Re: Resend: Patch : ulogd fix for kernel 64bits/userspace 32bits system

[Patrick McHardy]

Eric Leblond wrote:
> You can now do :
> 	./configure --with-kernel-64-user-32
> to activate the workaround.
> 
> It displays :
> 
> configure: WARNING: The use of the flag kernel-64-user-32 could interfere with kernel evolution.
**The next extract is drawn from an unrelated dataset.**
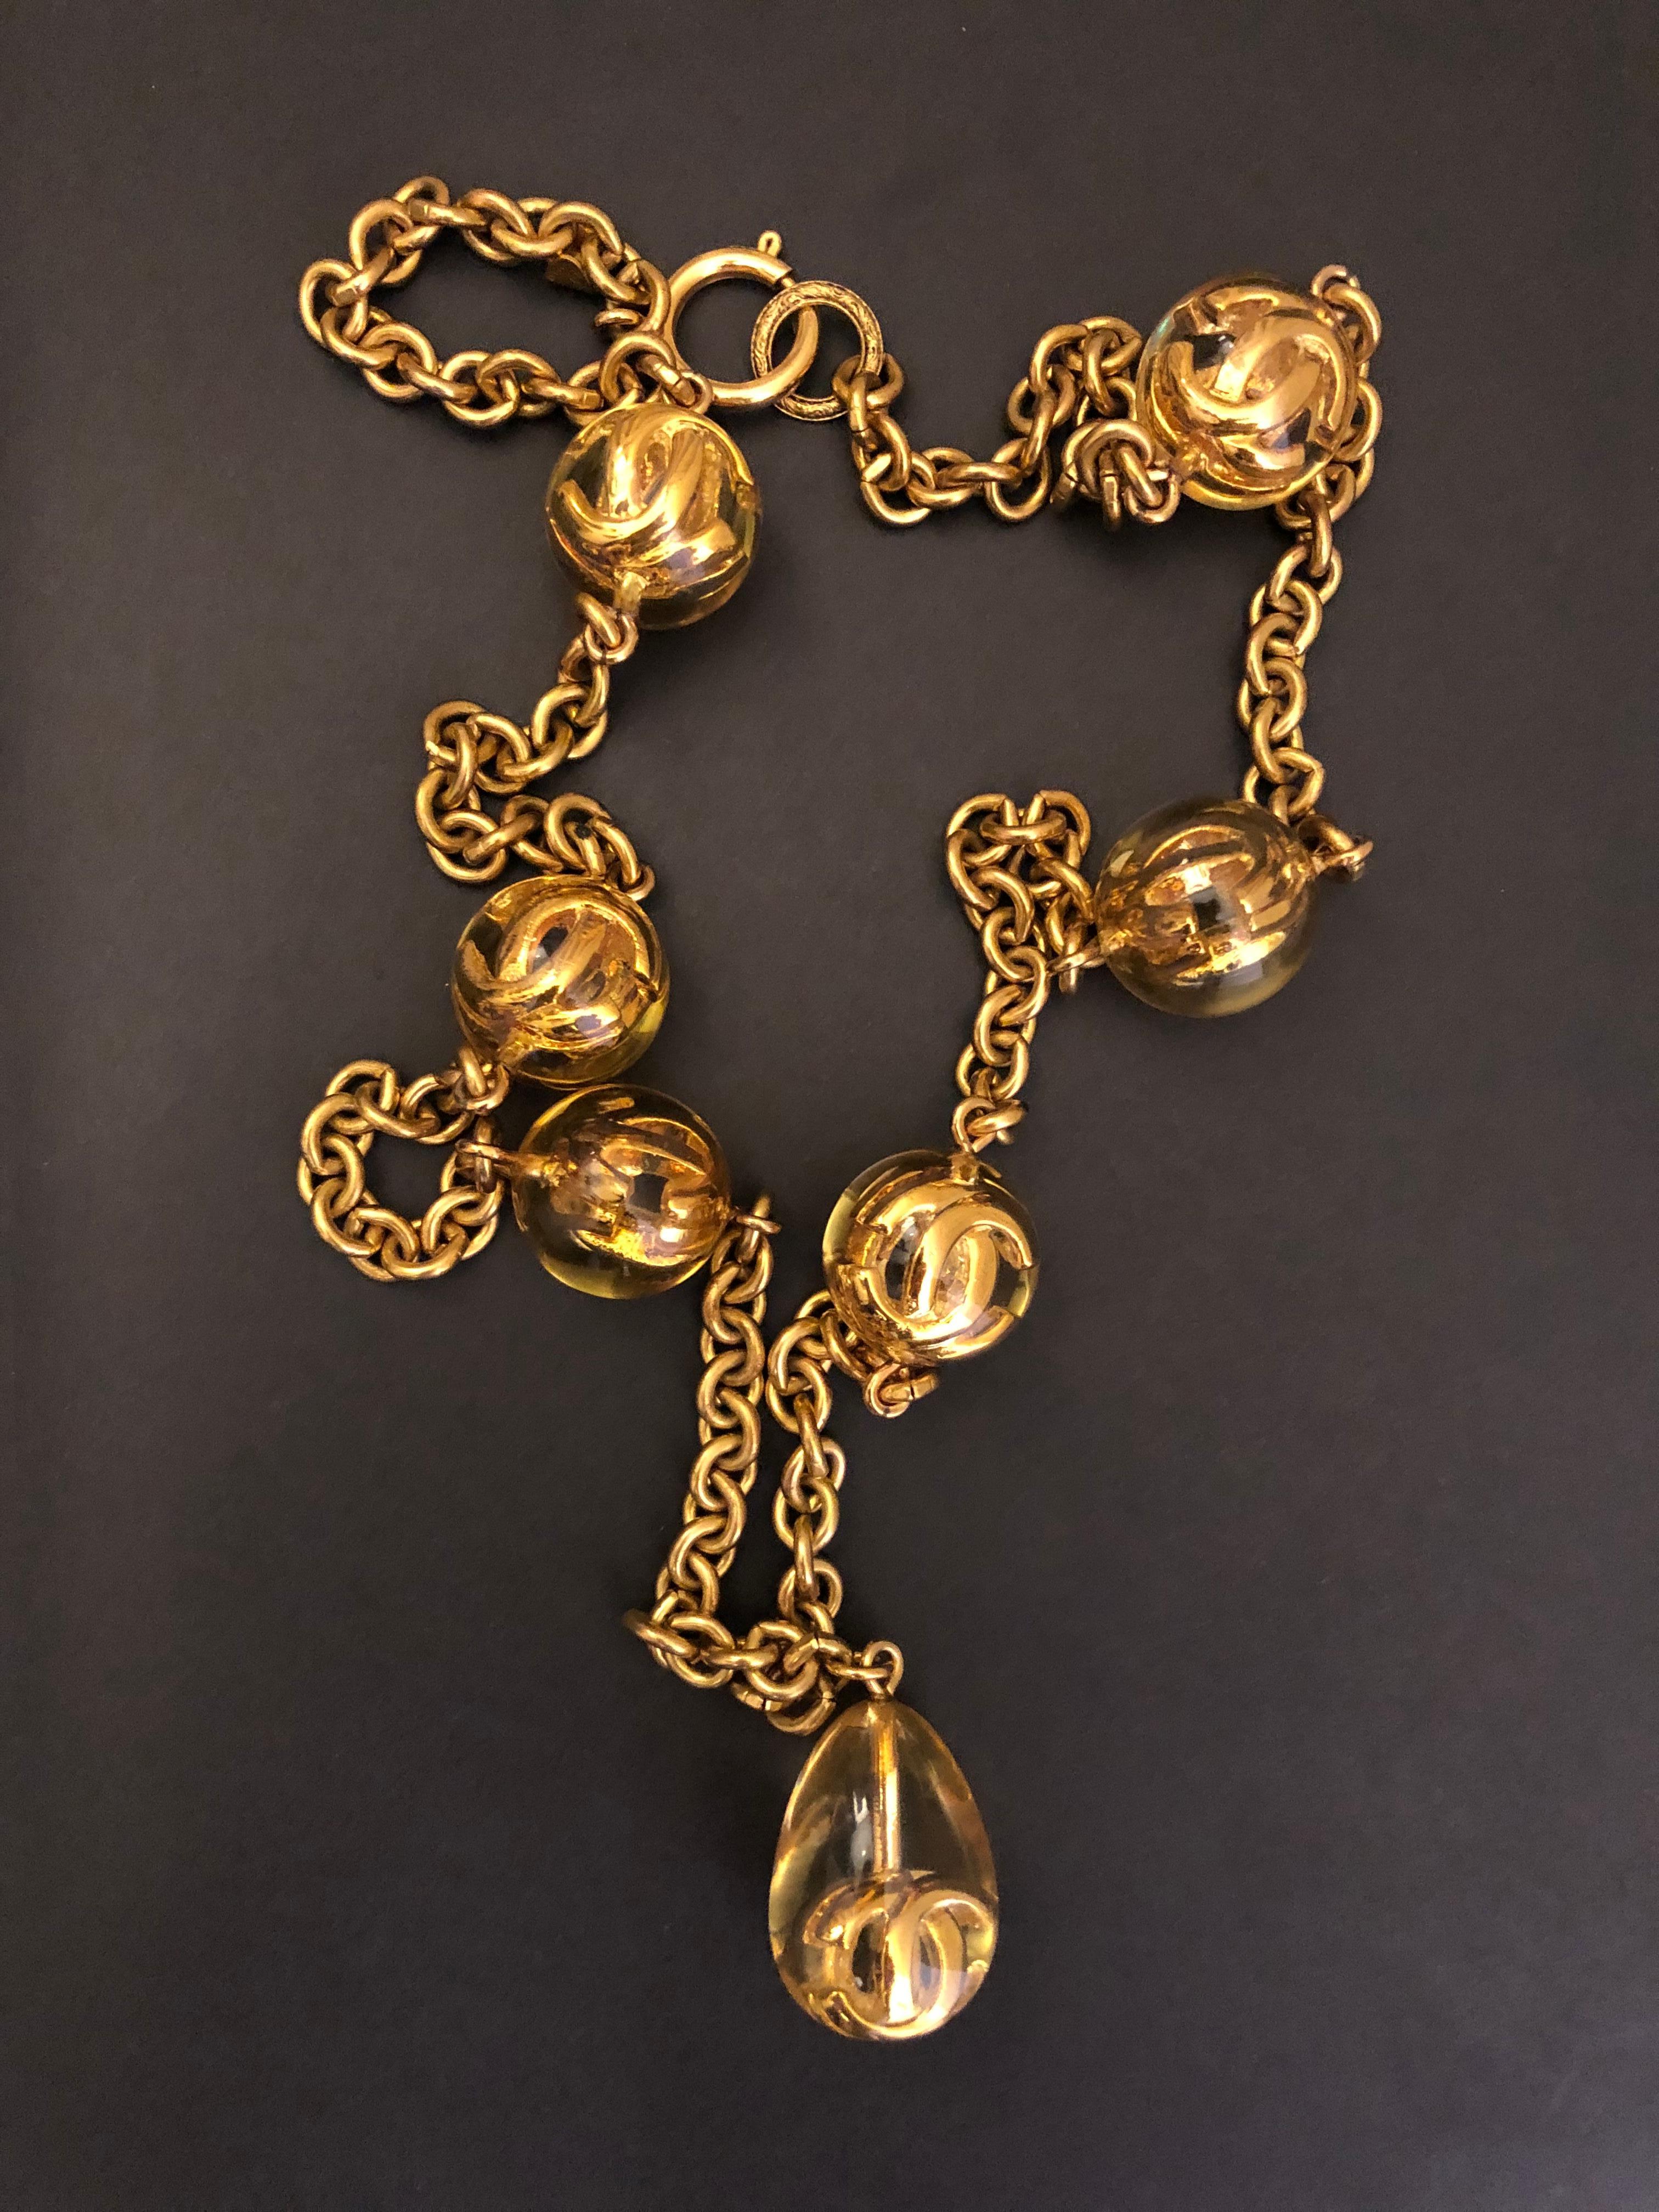 Vintage Chanel gold toned chain necklace featuring six gold toned CC logos in clear resin spheres and centered a gold toned CC logo in clear resin drop pendant. Stamp CHANEL 2 5 made in France. Chain measures approximately 80 cm. Spring ring

Use it at your own risk.

The patch looks good, but doesn't apply:

(Stripping trailing CRs from patch.)
patching file configure.in
(Stripping trailing CRs from patch.)
patching file libipulog/include/linux/netfilter_ipv4/ipt_ULOG.h
(Stripping trailing CRs from patch.)
patching file libipulog/include/libipulog/libipulog.h
Hunk #1 FAILED at 1.
1 out of 2 hunks FAILED -- saving rejects to file
libipulog/include/libipulog/libipulog.h.rej
(Stripping trailing CRs from patch.)
patching file Rules.make.in

Please rediff against current SVN.

Re: Resend: Patch : ulogd fix for kernel 64bits/userspace 32bits system

[Patrick McHardy]

Patrick McHardy wrote:
> The patch looks good, but doesn't apply:
> 
> (Stripping trailing CRs from patch.)
> patching file configure.in
> (Stripping trailing CRs from patch.)
> patching file libipulog/include/linux/netfilter_ipv4/ipt_ULOG.h
> (Stripping trailing CRs from patch.)
> patching file libipulog/include/libipulog/libipulog.h
> Hunk #1 FAILED at 1.
> 1 out of 2 hunks FAILED -- saving rejects to file
> libipulog/include/libipulog/libipulog.h.rej
> (Stripping trailing CRs from patch.)
> patching file Rules.make.in
> 
> Please rediff against current SVN.

Never mind, it was this part:


-/* $Id: libipulog.h,v 1.6 2002/07/30 07:23:36 laforge Exp $ */
+/* $Id$ */

I fixed it up manually. Thanks Eric.